Hi ftc.gov administrator, You always provide great examples and case studies.
very interesting, but nothing sensible
Thanks, I've been looking for this for a long time
thank you very much
Cool, I've been looking for this one for a long time
The only issue I have here is that "AI" is a very general umbrella term that, in the tech world has always meant a computer automating tasks that a human would do, with some level of decision making. This encompasses rules based definitions. The is different to "ML" which is much more specific, and I think probably what you're targeting.
My data has been compromised for AI deception
As more and more companies are introducing AI, we need to create rules and laws for this new technology.
I have always admired Issac Asimov's idea of the three rules of robotics. I think that these ideas should be adopted to suit AI. Those rules are:
A robot may not injure a human being or, through inaction, allow a human being to come to harm.
A robot must obey orders given it by human beings except where such orders would conflict with the First Law.
A robot must protect its own existence as long as such protection does not conflict with the First or Second Law.
These basic concepts would need to be adapted somewhat for AI, but the basic ideas behind them are sound and should be instituted into new laws to govern AI. The new rules should be incorporated into all AI software.
I am very concerned about ChatGPT. This can be a very dangerous technology.
Really? This is what federal tax money goes to? Fact-checking products as to their AI bona fides? Franklin, Adams and Jefferson all must be spinning at a pretty high RPMs.
I would like Google to ask people if they want AI instead of just adding it to your devices. Instead they add it without permission and no way to delete it from their devices. It's nice to know they created scammers praying on the elderly, Thanks Google!!!!

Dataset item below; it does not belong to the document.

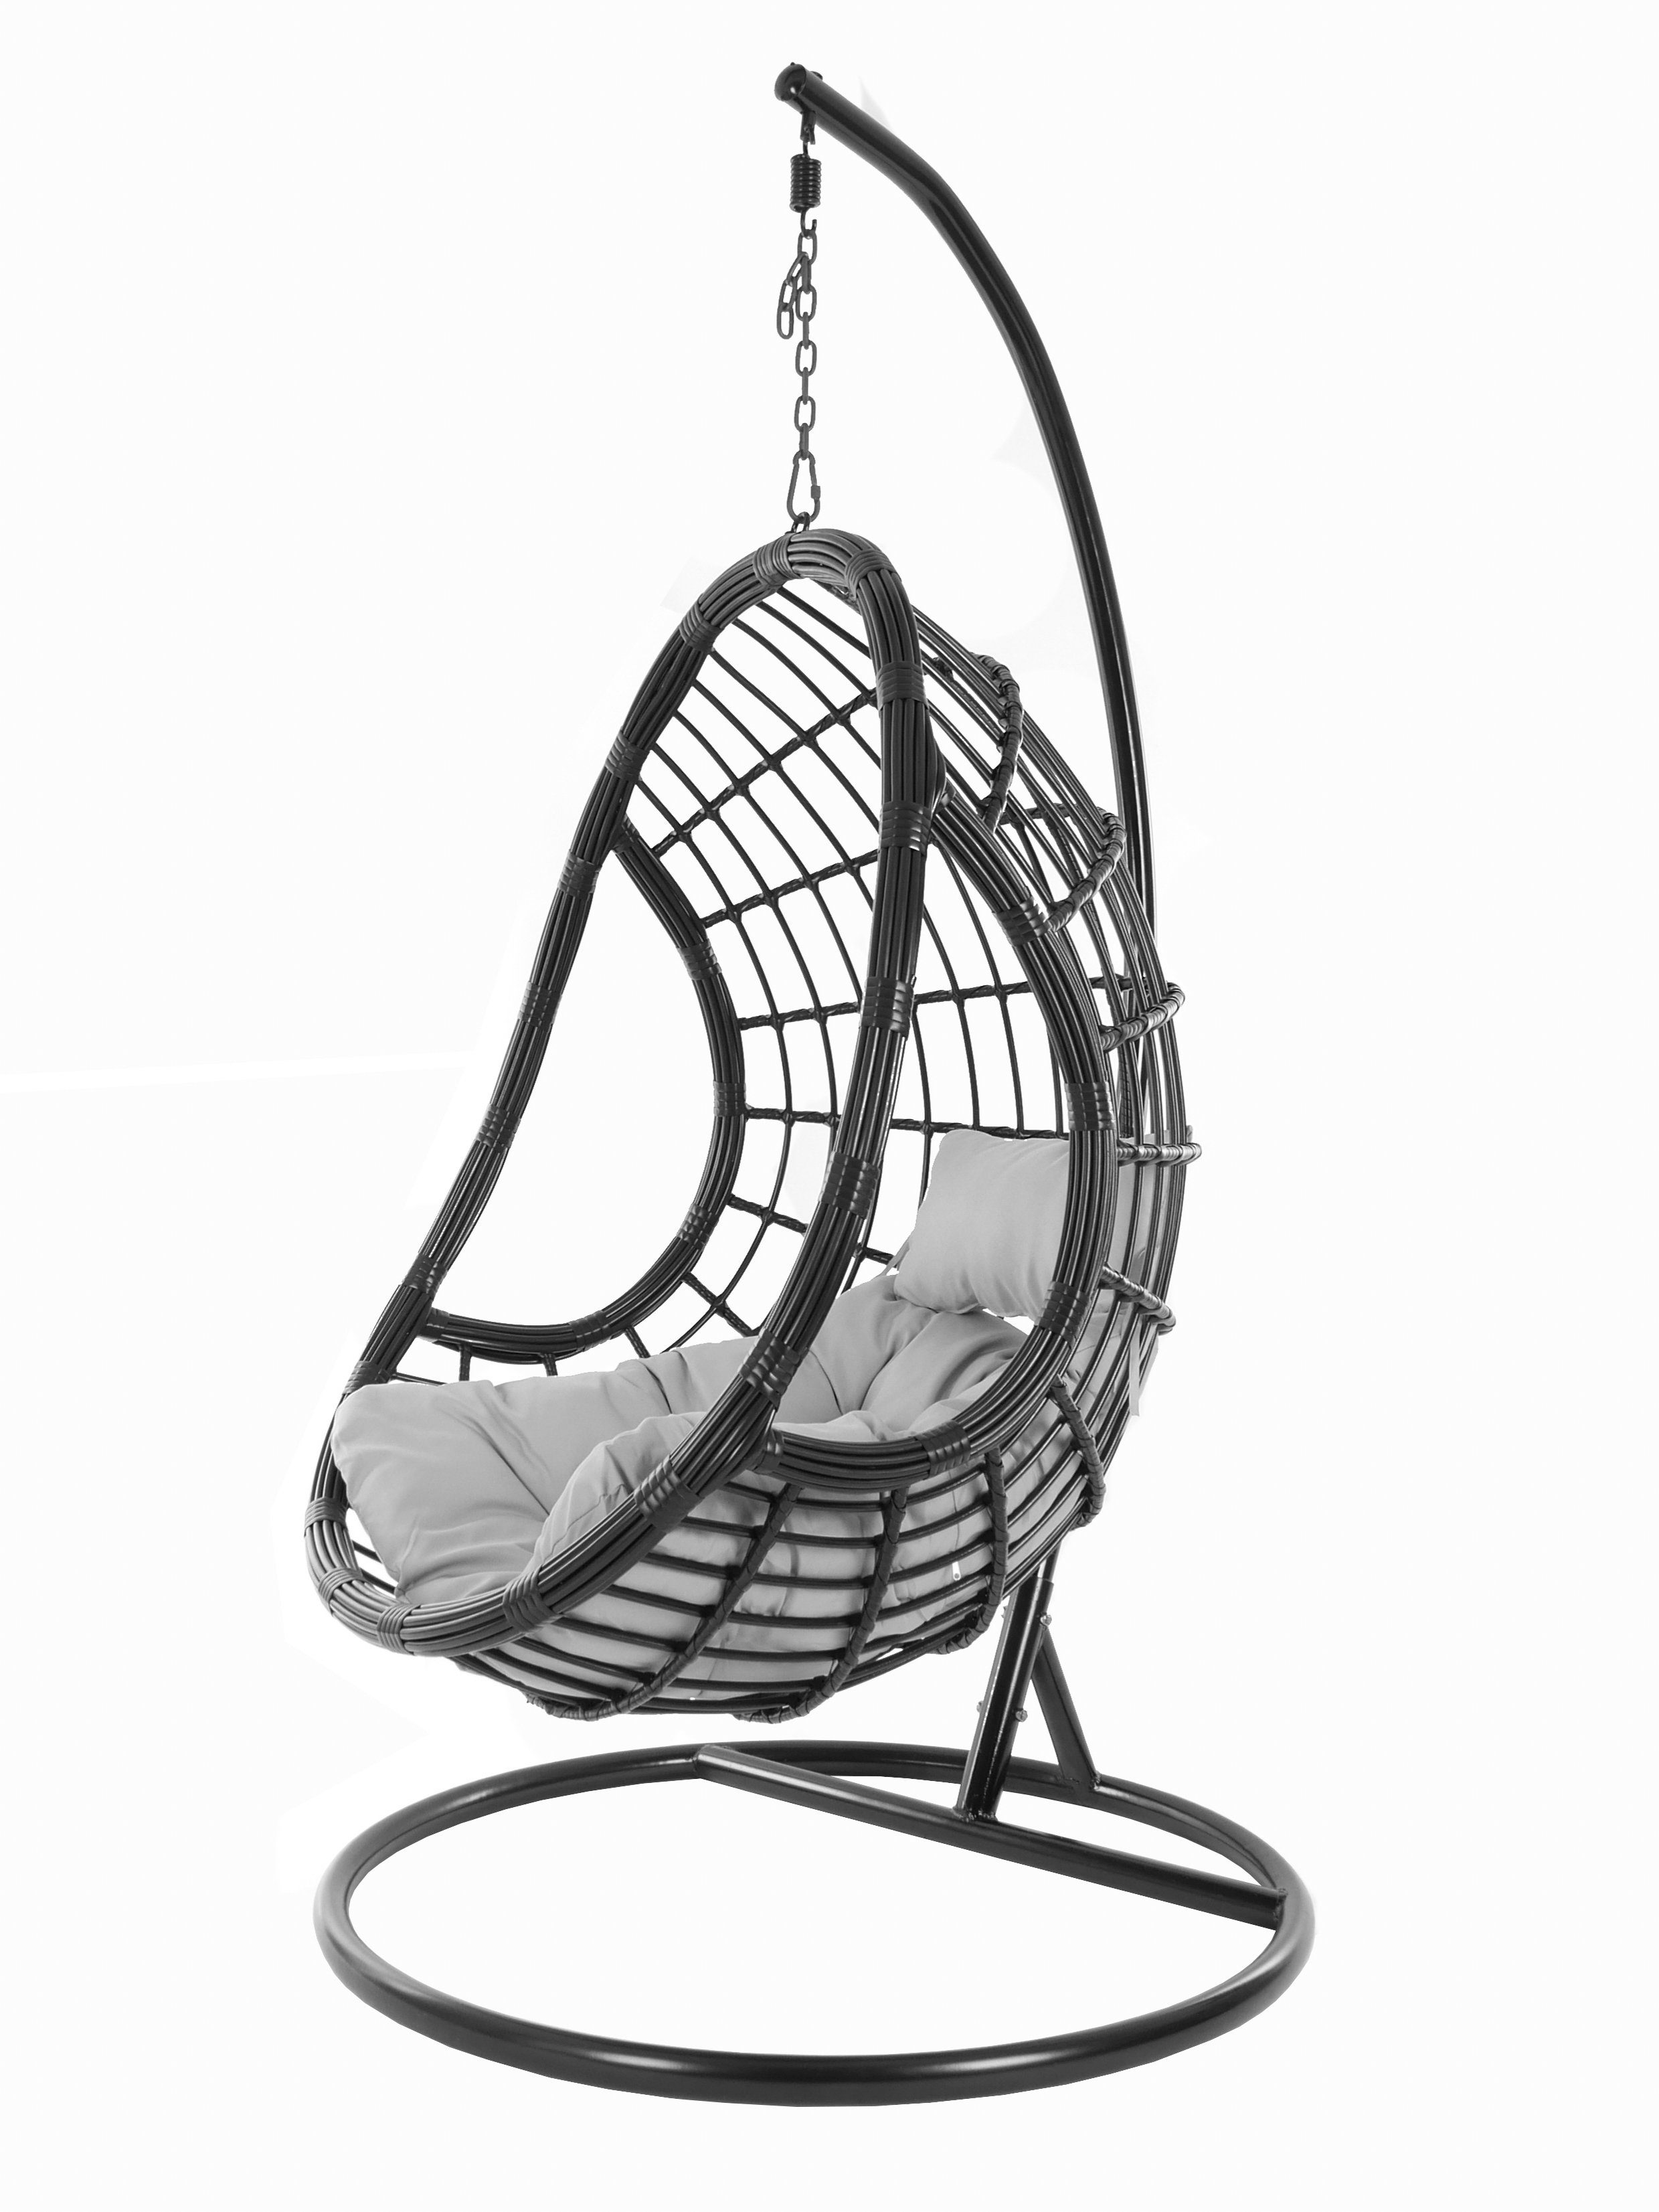 KIDEO Hängesessel PALMANOVA black, grau Loungemöbel, Hängesessel (8008 Design edles cloud) Swing schwarz, und Gestell Chair, Schwebesessel, mit Kissen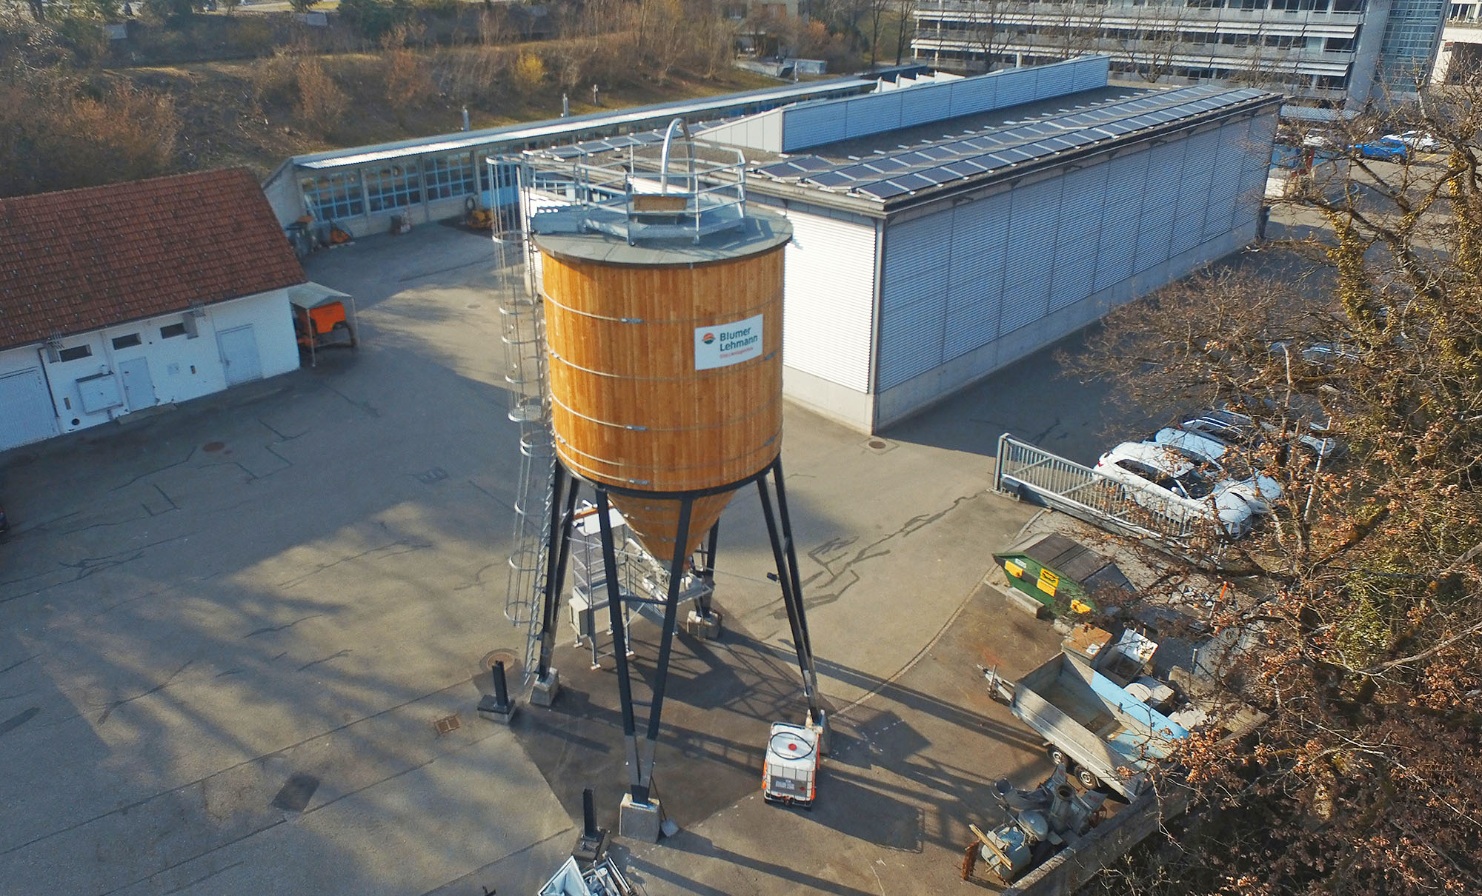 Runder Holzsilo der Gemeinde Rüti in Zürich mit einer Kapazität von 75m3

I am all for technology, and have worked in the field many years. I am 65 still working and still using technology every day. I recently did a test pilot for our company (over 3,000 employee company) using AI. It is NOT the way to go. I am so very disappointed in the volume of companies willing to use it. If used for very minimal tasks I guess it could be helpful. Personally I would never recommend it. The key word is "for the most part" it is correct. I never want to get a for the most part service or answer or resolution. We have lost way too much using humans and replacing with self-serve services. In the long run AI nor self-serve is the winner. We the people are losing touch, the children being raised in this world have no social/emotional skills. Again, I have worked in technology and love using it for the right reasons and inputting my information myself with control over where and how it is used. The children are a huge concern, they are being raised by tablets, games, computers now AI which is NOT anything but electronic / data estimation from looking at our information to build on. I know my comment probably does not matter one bit but if the people would have a say in the amount of AI or to use or not to use would be the right thing to do. Elderly also have no idea how to use any self serve systems nor understand it. I know this because I assist them with services that no longer accept a check being mailed or require bills to be paid on line, they are absolutely lost. My thoughts on AI ... limit it, use real people, during my testing for work a 3 week period AI gathered all my personal and work information, offering this and that on things I had not entered nor wanted. At the end of my 3 weeks test period I asked to never have to use it again, fortunately with my experience I was able to delete the information AI had gathered but many people don't have the ability to know how to do that and I don't believe that is fair or right.